Annie Shull is quick to admit that she is not from a wine family and didn't care much for the stuff herself as a young adult. So how did the Twin Cities native end up co-owning a winery in Oregon, much less tasting through as many as 50 barrels in a day?
By coming home, at least in a figurative sense.
Shull (then Christensen) grew up in the almost impossibly quaint little pocket of St. Paul called St. Anthony Park. Mayor George Latimer used to drive her to preschool. But after attending Murray Junior High, Como Park High School and the University of Minnesota, she went coastal, to Massachusetts for college and then to Northern California for high-tech work.
Then and there, her wanderlust morphed into "a yearning for a place that felt like home," she said.
"When I visited Oregon on business trips, everyone was friendly, people said hello and asked -- genuinely wanting to know -- how are you? I found this very much like Minnesota."
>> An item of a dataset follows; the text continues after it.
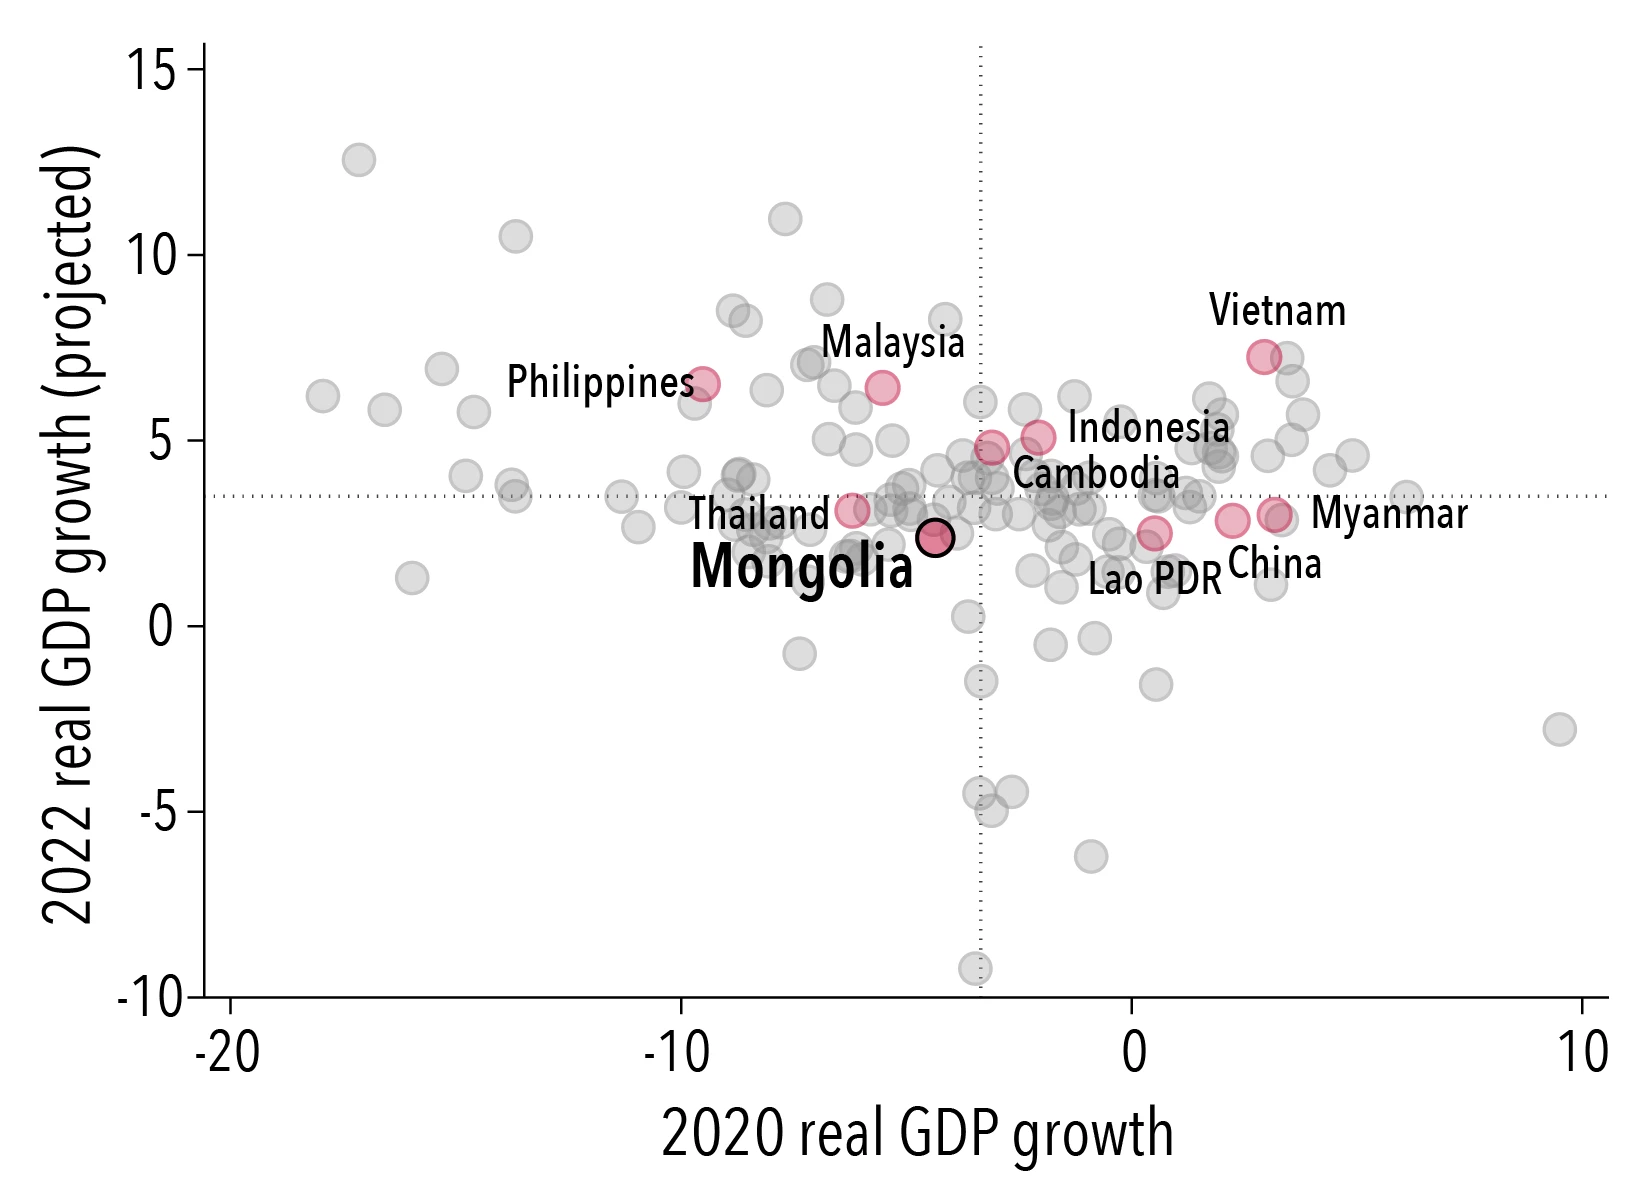 Figure 1. Real annual GDP growth (%): 2020 vs. 2022 (projected)

So she moved there and, while working at Sequent, fell in love with a fellow employee. Turned out that Scott Shull had winemaking aspirations, and he spent a long lunch in the office cafeteria delineating for Annie "all the government agencies he had just garnered approval from to transform Raptor Ridge from amateur winemaking to a fully licensed commercial winemaking venture."
Not what you'd call the most romantic rendezvous, but soon both a marriage and a winery emerged in the Chehalem Mountains, about 20 miles southwest of Portland.
Annie, a tall, dark-haired, handsome woman, did some organic gardening and beekeeping on the property, selling Raptor Ridge honey and helping with the winemaking in a converted barn. She kept her high-tech job until 2000, when the winery had grown to a 1,000-case-per-year output and needed a sales and marketing wiz such as herself.